Assistant Commissioner Victor Somme III said the policy (effective June 13, 2025) was disseminated to district leaders and posted to DOE channels but acknowledged the department’s rollout came after many school orientations and that not all students or parents have seen the signed acknowledgement form. “The policy was disseminated after many schools had already had their orientations,” Somme told the committee.

Board secretary Eros C. Lockhart and others cited research (London School of Economics, RAND) showing device restrictions correlate with improved attention and reduced cheating, while student representatives and parents urged careful implementation that does not prevent emergency contact or deny teachers the ability to use phones for instruction when laptops or classroom devices are unavailable. Student Ace Poya said the policy “strikes a healthy balance” but he and other students reported uneven awareness and inconsistent classroom practice.

Several senators asked whether schools have backup communications when VOIP phone lines or Internet services are down; DOE acknowledged VOIP outages can disable school phones and said generator and electrical upgrades and alternative communications are part of BSCM’s facilities work.

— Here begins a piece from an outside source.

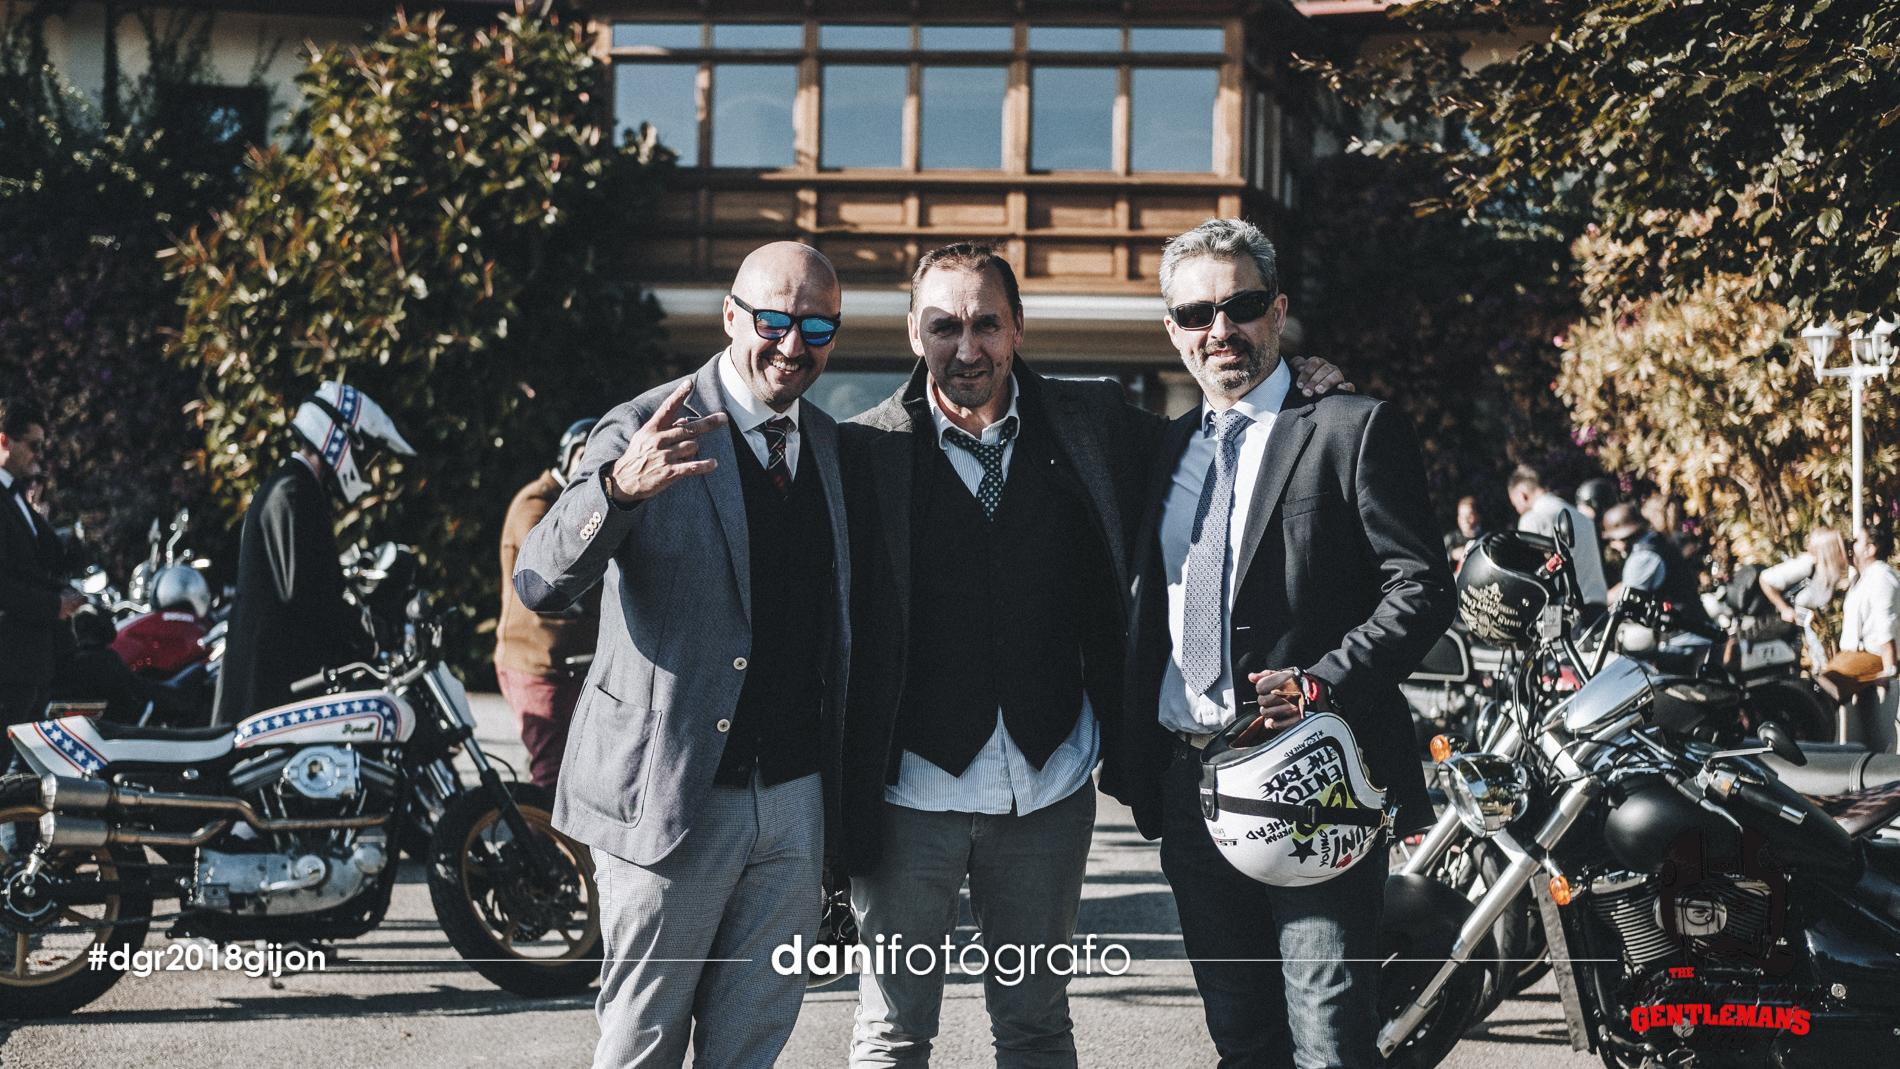 dgr 2018 gijon Distinguished Gentleman's Ride

Parents and the teacher union pressed for public assemblies, clear signage, training in digital citizenship, and a consistent enforcement plan; the Board urged promulgation and ongoing monitoring.

The committee asked the department to deliver a distribution log showing which students and parents signed the acceptable‑use agreement, to confirm protocols for extenuating‑circumstance emergency use, and to provide a schedule for additional training and a clear enforcement checklist for administrators.

Next steps: Department to provide signed acknowledgement coverage data, an emergency communications checklist, and a timeline for school‑level orientation and training.